Introduction: Ring chromosome 18 is a rare chromosomal disorder, and its association with Prader-Willi syndrome (PWS) is an extremely unusual condition. We described the clinical and biological profile of this association and highlighted the management of this case through GH therapy. To the best of our knowledge, this is the first reported association in the literature.

Case presentation: This report discusses a case of a 9-year-old child diagnosed with both PWS and ring 18 syndrome at the age of 3 years. The diagnosis of Prader-Willi syndrome with ring chromosome 18 was established using CGH ARRAY technique. It showed the absence of expression of paternal chromosome 15 in the 15q11-q13 region, and a karyotype showing ring chromosome 18 according to the formula: 46. XX (37)/46. XX r(18) (p11.3 ;q23) (27).
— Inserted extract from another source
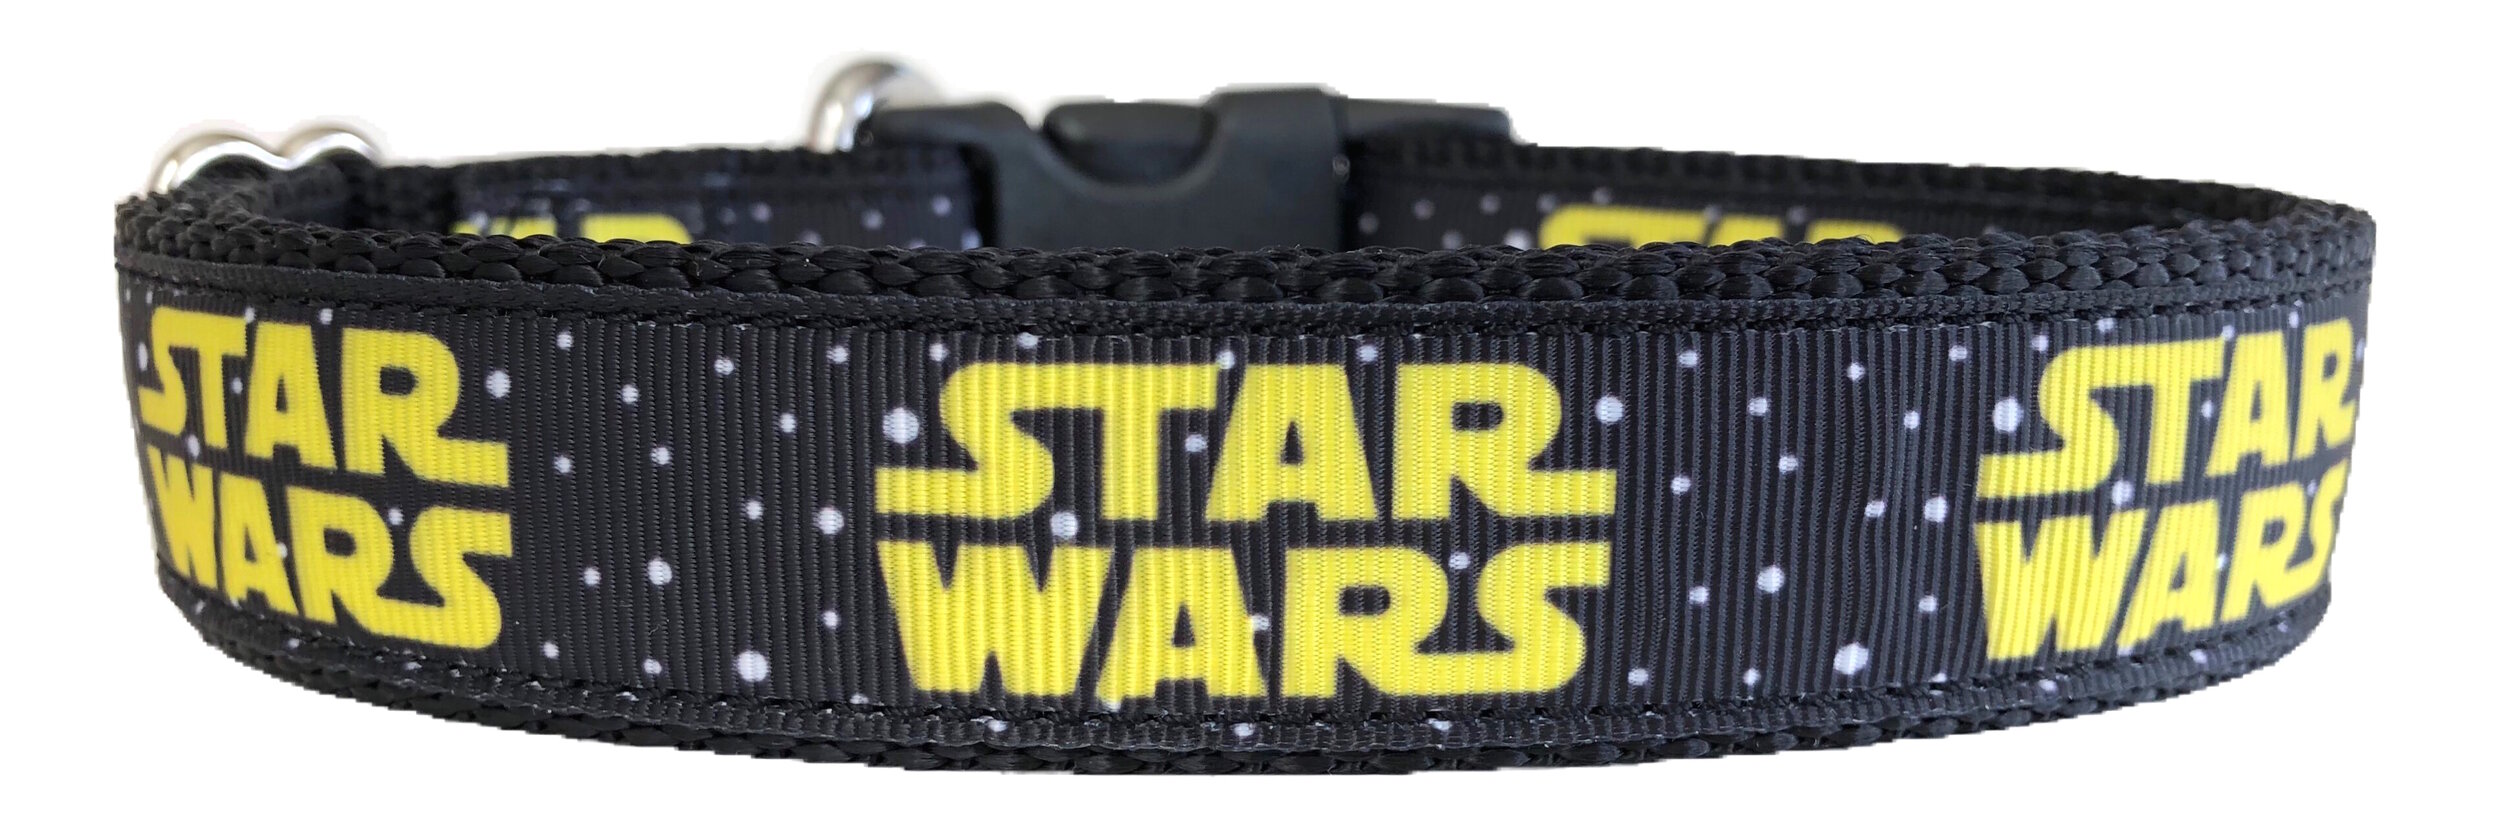 star wars dog collar

Conclusions: Our case contributes to a better understanding of the clinical presentation of complex aberrations of chromosome 18 and that of PWS. The main common clinical features of this association were a moderate dysmorphic syndrome, hypotonia, grade II obesity with severe OSA, mild cognitive deficit with learning difficulties, and a discreet scoliosis. Diagnosis and management of this complex disorder require a multidisciplinary approach. The primary focus for those patients is to enhance their quality of life and prevent any potential complications.